Они идут по крутящейся сцене. Арина остается где-то позади.
Берсентьев
Тяжолый воздух, мартовский, сырой –
мне кажется, что я вдыхаю воду
холодную, что я иду по дну
асфальтовому, я взрываю ил,
на здешний снег, на теплый снег похожий.
Зима прошла, но мартовские дни…
Они мертвей январских и февральских.
Избыток сил, что на зиму копился,
весь расточен, голодная пора
и трудная настала. В это время
всего ясней я различаю смерть
в ее приметах полного распада.
Неловкая пауза.
Егерь
Берсентьев, я хотел тебя спросить
о Луцком, он ведь был тебе приятель…
Берсентьев
Я с Луцким познакомился давно…
Еще и слуху не было о славе
теперешней его, он в те года
безвестен проживал и тяготился
своей судьбой, идущей под уклон.
Мы с ним сошлись в шестнадцатом году
на кафедре. Казенный интерес
к делам науки ослабел в ту пору,
и жили мы забытые так прочно,
как быть бы нам забытыми сейчас.
Но Луцкий не ценил очарованья
аскезы нашей.

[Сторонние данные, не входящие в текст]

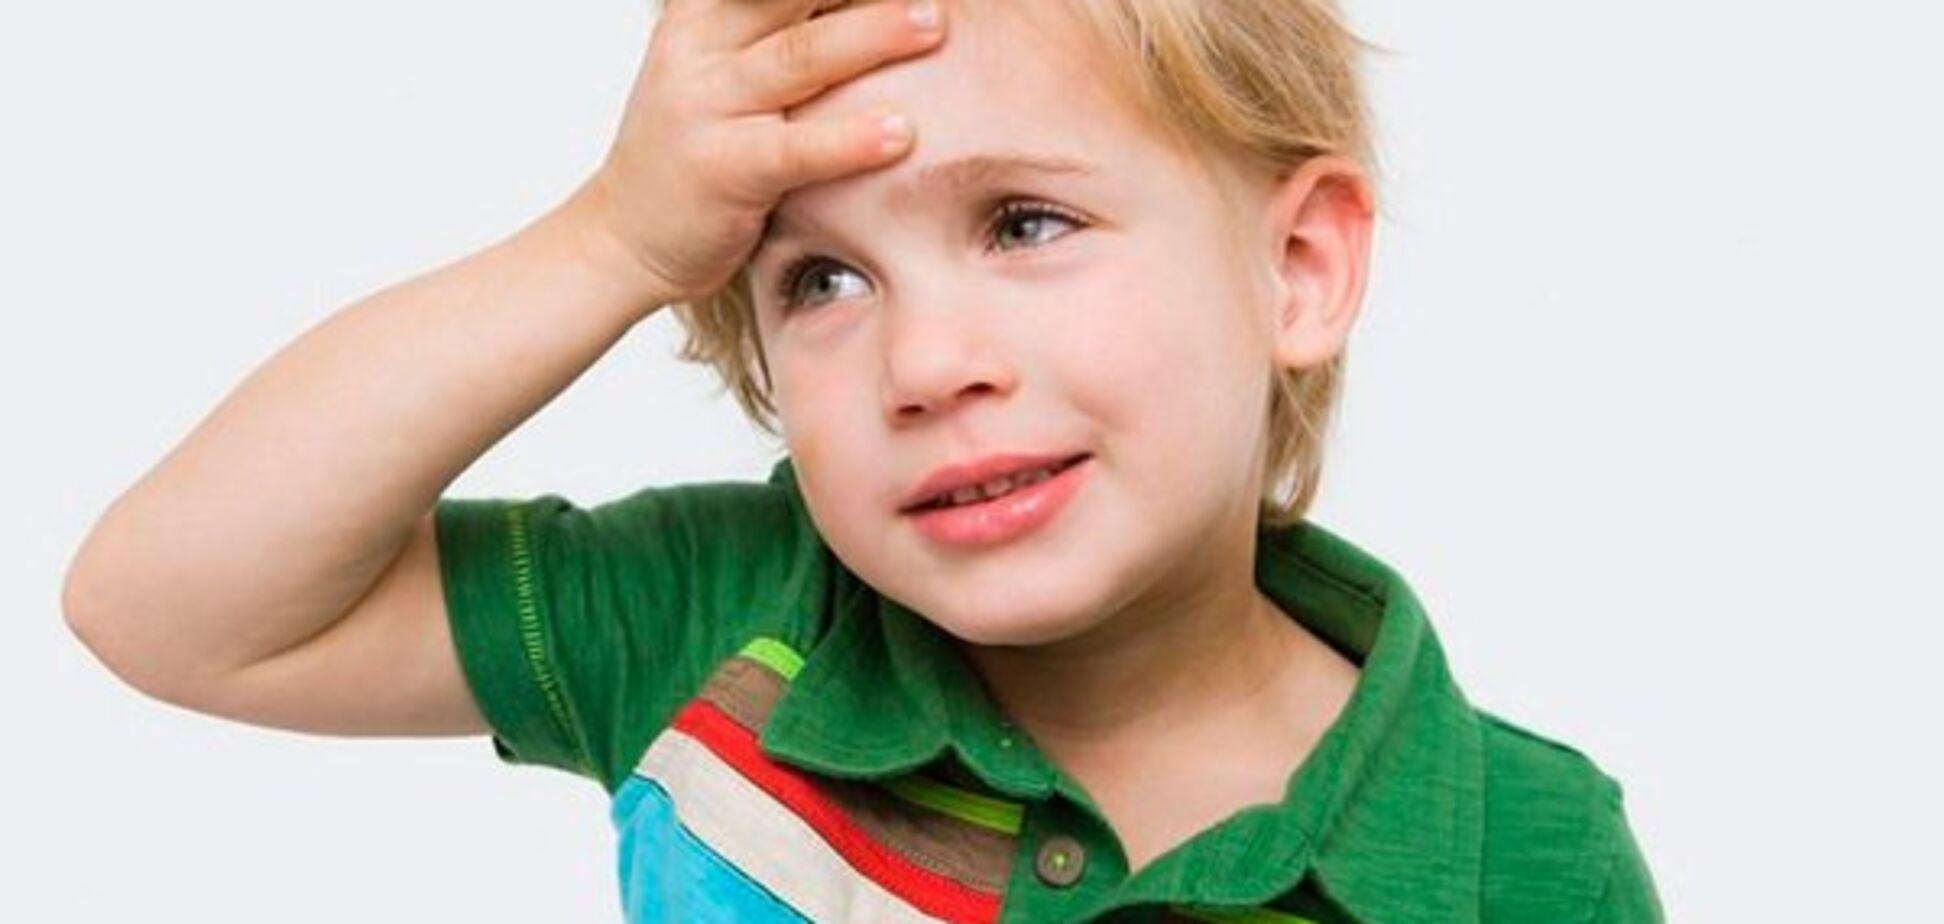 Головная боль у ребенка: что делать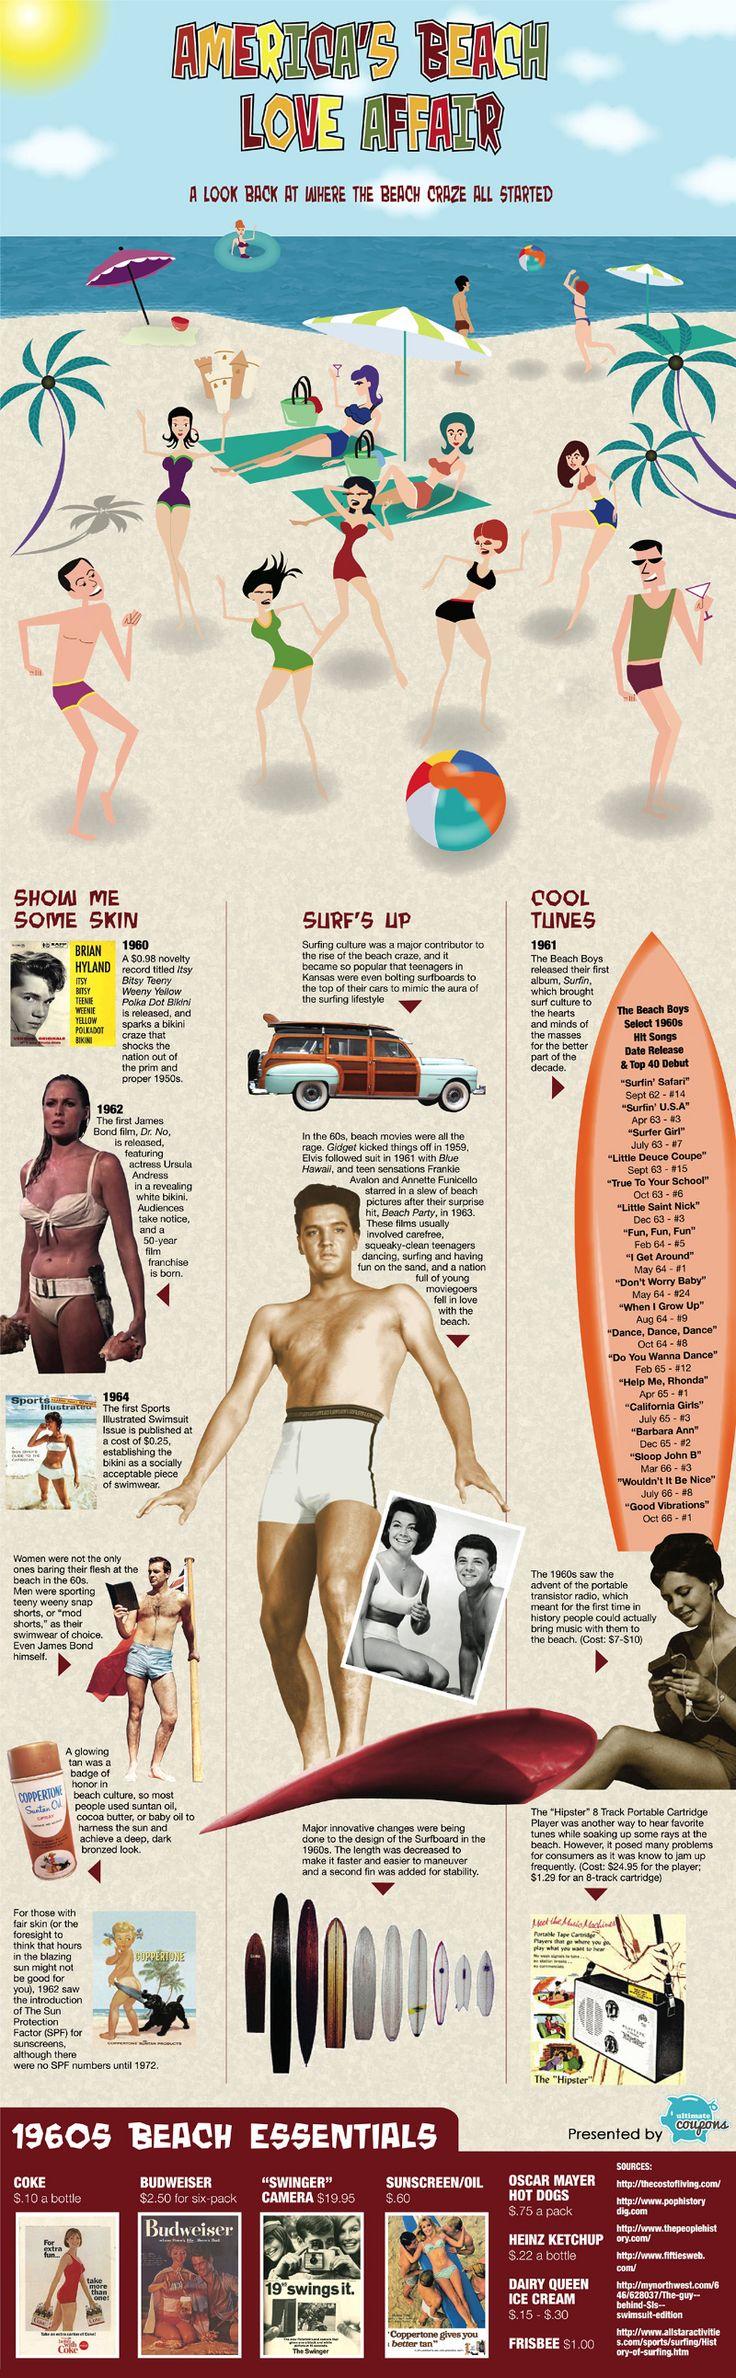 Beach Love Affair Infographic, Beach Boys, the 60's and a list of 37 beachy phrases

Беспокойный нрав
его терзал, он мог бы растревожить
спокойное теченье наших буден,
и хорошо, что омут наш ему
не нужен был.
Егерь
Но ты ему был нужен…
Берсентьев
А мне в то время было все равно,
с кем говорить, о чем, – пусть будет Луцкий,
тем более мы родственные души:
он, как и я, тогда запоем пил.
Бог Дионис, радетель совпадений,
путей скреститель, смешивать горазд
людей своих за общею бутылкой
диковинно, причудливо, назло
судьбе их и характеру.
Пауза.
Егерь
Давай
рассказывай.
Берсентьев
О ком мне рассказать?
О мудреце, о нравственном вожде
о совести погибших поколений?
А может быть, свой тон переменив,
о Луцком-собутыльнике, по-скотски
со мною поступившем человеке,
нечистоплотном в денежных делах?
Егерь
Да как ты можешь!
Берсентьев
Я могу, могу,
я, может, и зажился так на свете,
чтобы успеть.
Егерь
Обгадить?
Берсентьев
Оправдать!
И оправдаться…
Егерь
В чем?
Берсентьев
Да в самом главном!
Мне б подождать, а я пру напролом.
Пауза.
О нем дурного слышать не хотят
(ну, в тех кругах, где мы с тобой гуляем)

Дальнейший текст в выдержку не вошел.